Do I need medication for anxiety?

Not necessarily. For many anxiety disorders, psychotherapy — particularly CBT and exposure-based approaches — has the strongest evidence base and the most durable outcomes. Medication is an important tool for moderate to severe presentations, as an adjunct to psychotherapy when anxiety is too intense to allow therapeutic work to proceed effectively, and for patients who have not responded adequately to therapy alone. Whether medication is appropriate for your situation is a clinical decision made collaboratively based on your specific presentation, your history, and your preferences.

Are benzodiazepines safe for anxiety?

Benzodiazepines are effective for acute anxiety reduction but are not appropriate as a long-term treatment for anxiety disorders. With regular use, they carry real risks of physical dependence, tolerance — meaning progressively less effect at the same dose — and cognitive side effects including memory impairment. They also do not address the psychological mechanisms that maintain anxiety disorders and can in some cases interfere with the exposure-based work that is central to effective psychotherapy for anxiety. Our psychiatrists prescribe them for specific, time-limited indications and are direct with patients about their limitations and risks.

How is OCD related to anxiety?

OCD shares significant overlap with anxiety disorders — intrusive thoughts generate intense anxiety, and compulsions are performed in an attempt to reduce it — but it is classified separately in current diagnostic systems because its specific mechanisms and optimal treatments differ from those of other anxiety disorders.

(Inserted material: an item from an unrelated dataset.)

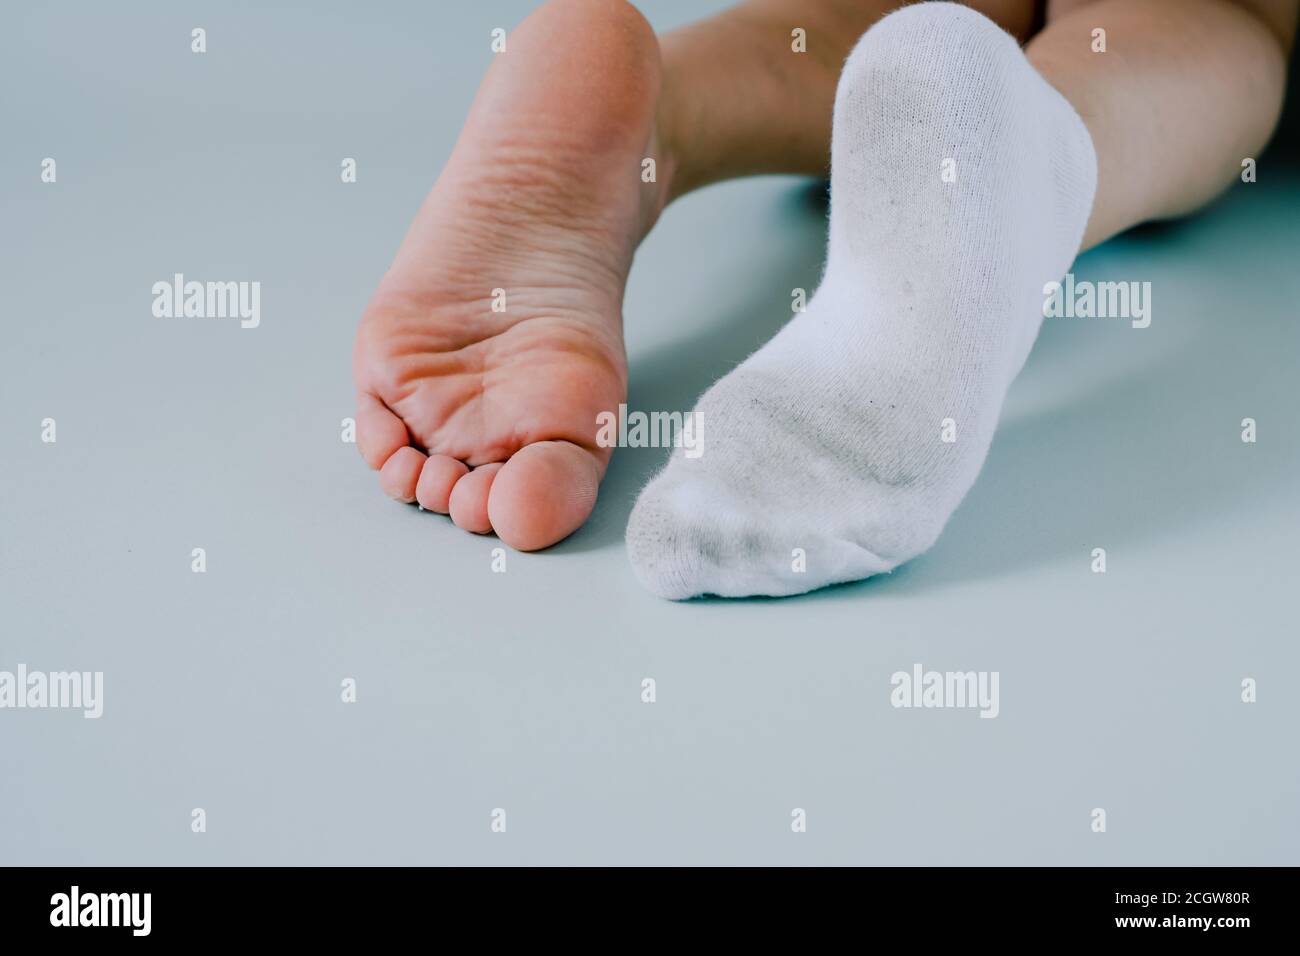 Rechter Fuß in schmutziger Socke, linker Fuß ohne Socken.isoliert auf  grauem Hintergrund Stockfotografie - Alamy

The gold standard treatment for OCD is Exposure and Response Prevention, a specialized form of CBT that targets the obsession-compulsion cycle directly. Our psychiatrists assess for OCD as a routine component of anxiety evaluations and treat it when present.

Can anxiety be treated via telehealth?

Yes. The evidence base for telepsychiatry in anxiety treatment is strong, and virtually all of the treatments we offer for anxiety — including diagnostic evaluation, medication management, CBT, and other psychotherapy modalities — are available via secure telehealth video for patients anywhere in California.

Is anxiety treatable, or is it something I will always have to manage? For many patients, anxiety disorders are highly treatable — meaning that with appropriate treatment, symptoms remit substantially and functioning returns to baseline. For others, anxiety is a longer-term condition that requires ongoing management rather than a one-time cure. The distinction depends on the specific disorder, its severity, its duration, the presence of comorbid conditions, and individual factors that your psychiatrist will assess carefully. What is consistent across the literature is that untreated anxiety disorders tend to worsen over time, while treated anxiety disorders — particularly those addressed with evidence-based psychotherapy — show durable improvement. Early and adequate treatment is associated with significantly better long-term outcomes.

Anxiety is not a personality trait you are stuck with. It is a clinical condition with effective treatments — and a practice that takes the time to understand your specific presentation, rather than applying a one-size-fits-all protocol, makes a meaningful difference in how well those treatments work.